Friday, May 29, 2020

Gleaners

A scene I passed on my walk a few days ago reminded me of this famous painting called The Gleaners, by Jean-Francois Millet.

Gleaning was the tradition where the poor were allowed onto fields after a harvest to collect anything edible that had been left behind. It survived in one form until my childhood in the 1950s, when my grandmother worked on a farm in a rural part of the country that was in some ways still quite feudal. After the wheat harvest all the farmhands and their families waited around the field while the harvester paused before 'the last cut', which left just a rectangle of corn in the middle of the field, full of rabbits. Then the harvester would start again and the rabbits would be shot as they raced away, and given to families. My grandmother was highly skilled at skinning rabbits with a wicked little knife that she sharpened on the doorstep, giving me their tails afterwards.

By Jean-François Millet. Public Domain, https://commons.wikimedia.org/w/index.php?curid=20111149

















The gleaners I've been watching are birds. Until a few days ago these fields were lush green meadows of cultivated forage grasses, tall enough to hide a hare. Then, in the space of a couple of days of fine, sunny weather the grass was cut, turned and dried and carried away to make silage, leaving the fields shorn and yellow. 

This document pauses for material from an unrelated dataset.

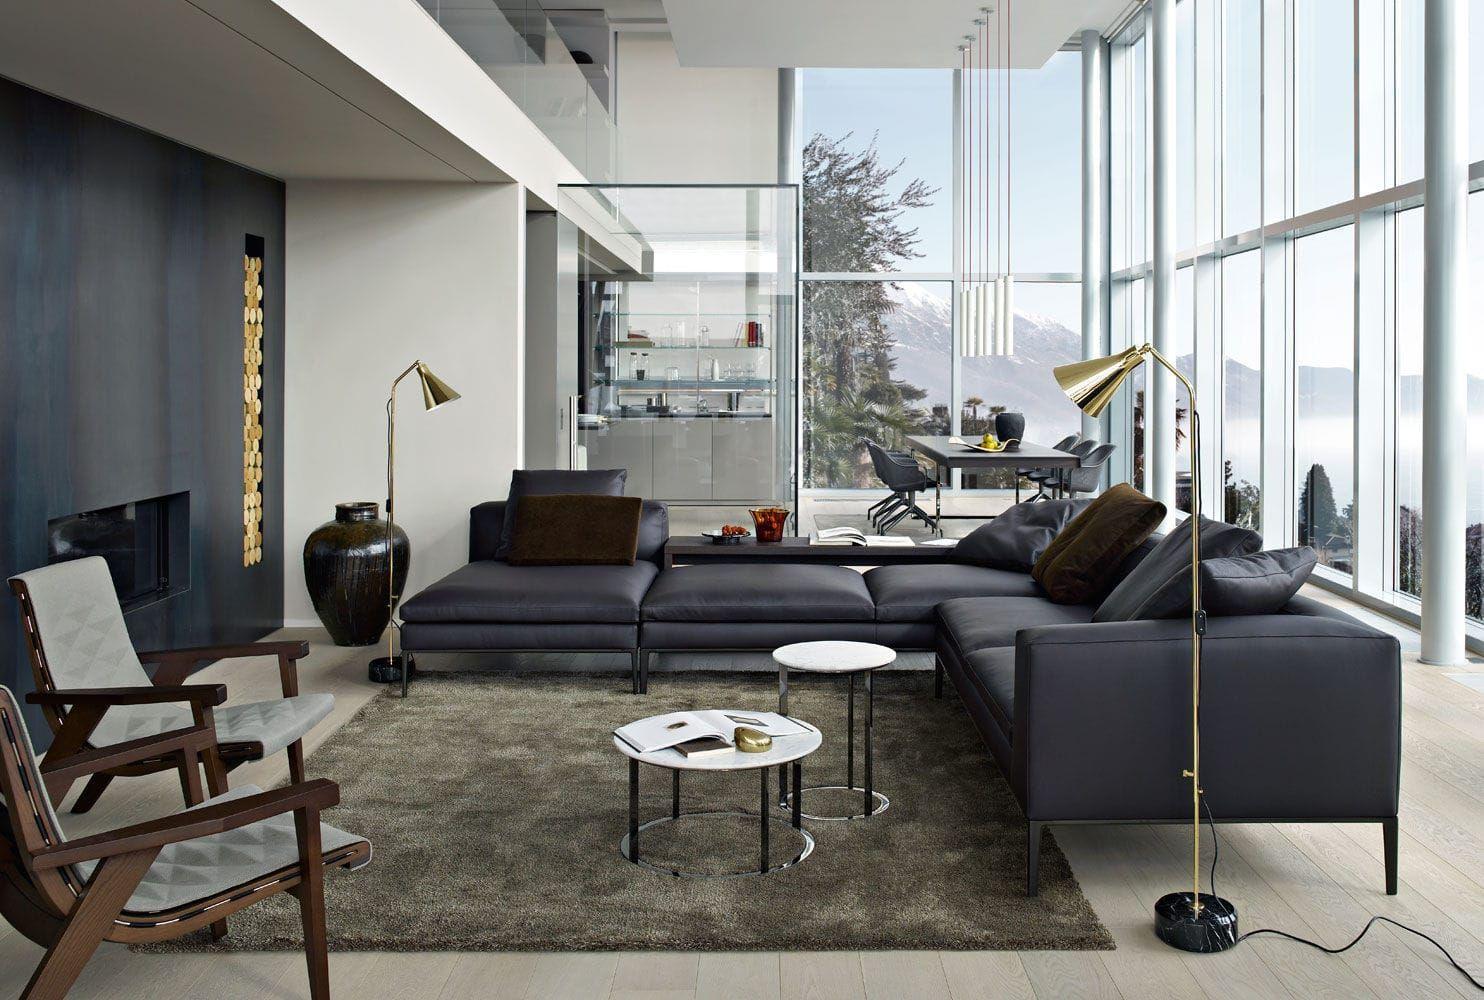 B B Möbel b b italia möbel und dekoration archiexpo sofas leder

So now the fields are full of birds, come to glean the insects and soil animals that are suddenly so accessible. Easy pickings, to feed their fledglings.
There are jackdaws  ..... and ...


Scores of rooks from the local rookeries, and some crows 




And flocks of starlings that keep themselves apart from the other gleaners.


And even a few curlews, flying in from rough pastures that are not cut for silage....


While swifts skim low over the mown fields, catching flies.


There is a grimmer side to this. These fields are known locally and on maps as the  Mown Meadows and, for generations, they have been used in this way for fodder for animals. The difference today is that they are mown at the end of May and the grass made into silage, whereas in the distant past they would have been cut much later, in late July, and the sun-dried hay baled and stored. The much earlier cut means that some ground nesting birds will have been casualties of the mower, so it's not just insects that attract some of the gleaners.